Death is a part of you, even as birth is.  Its import varies according to the individual – and in a certain fashion, death is your last chance to make a statement of import in any given life, if you feel you have not done so earlier.



Some people’s deaths are quiet periods.  Some others’ are exclamation points, so that later it can be said that the person’s death loomed almost greater in importance than the life itself.  Some people die in adolescence, filled with the flush of life’s possibilities, still half-dazzled by the glory of childhood, and ready to step with elation upon the threshold of adulthood – or so it seems.  Many such young persons prefer to die at that time, where they feel the possibilities for fulfillment are intricate and endless.  They are often idealists, who beneath it all – beneath the enthusiasm, the intelligence, and sometimes beneath extraordinary ability – still feel that life could no more than sully those abilities, dampen those spiritual winds, and darken that promise that could never be fulfilled.



This is not the reason for all such deaths by any means, but there is usually an implied statement in them so that the death seems to have an additional meaning that makes parents and contemporaries question.  Such individuals usually choose deaths with a high dramatic content, because regardless of appearances they have not been able to express the dramatic contents of their psyches in the world as it seems to be to them.  They turn their deaths into lessons for other people, forcing them to ask questions that would not be asked before.  There are also mass statements of the same kind for people come together to die, however, to seek company in death as they do in life.  People who feel powerless, and who find no cause for living, can come together then and “die for a cause” that did not give them the will or reason to live.  They will seek out others of their kind.

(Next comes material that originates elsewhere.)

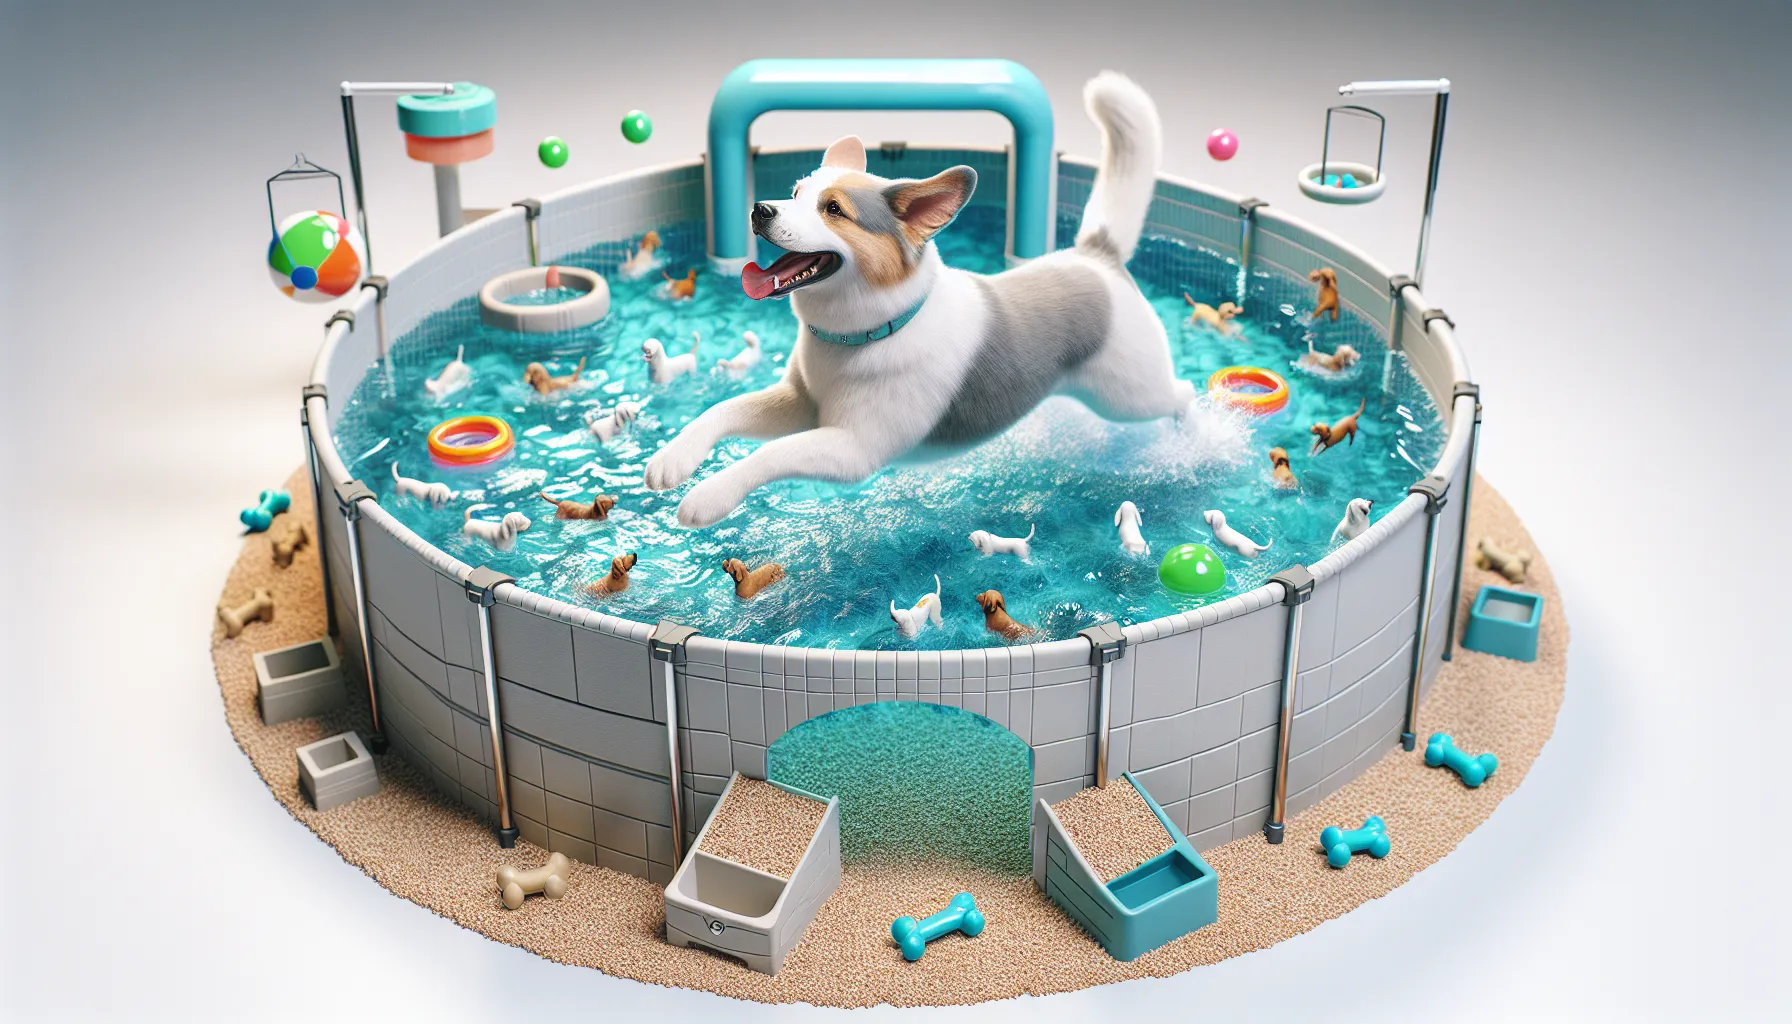 Imagen de un perro disfrutando en una piscina especialmente diseñada para mascotas, rodeado de juguetes acuáticos y con un agua limpia y cristalina.

The inner mechanics of emotions and beliefs are complicated, but these are individuals who feel that physical life has failed them.  They are powerless in society.  They think in black and white, and conflicts between their emotions, and their beliefs about their emotions, lead them to seek some kind of shelter in a rigid belief system that will give them rules to go by.  Such systems lead to the formation of cults, and the potential members seek out a leader who will serve their purposes as surely as they seem to serve his – through an inner mechanics of which each member is at least somewhat aware.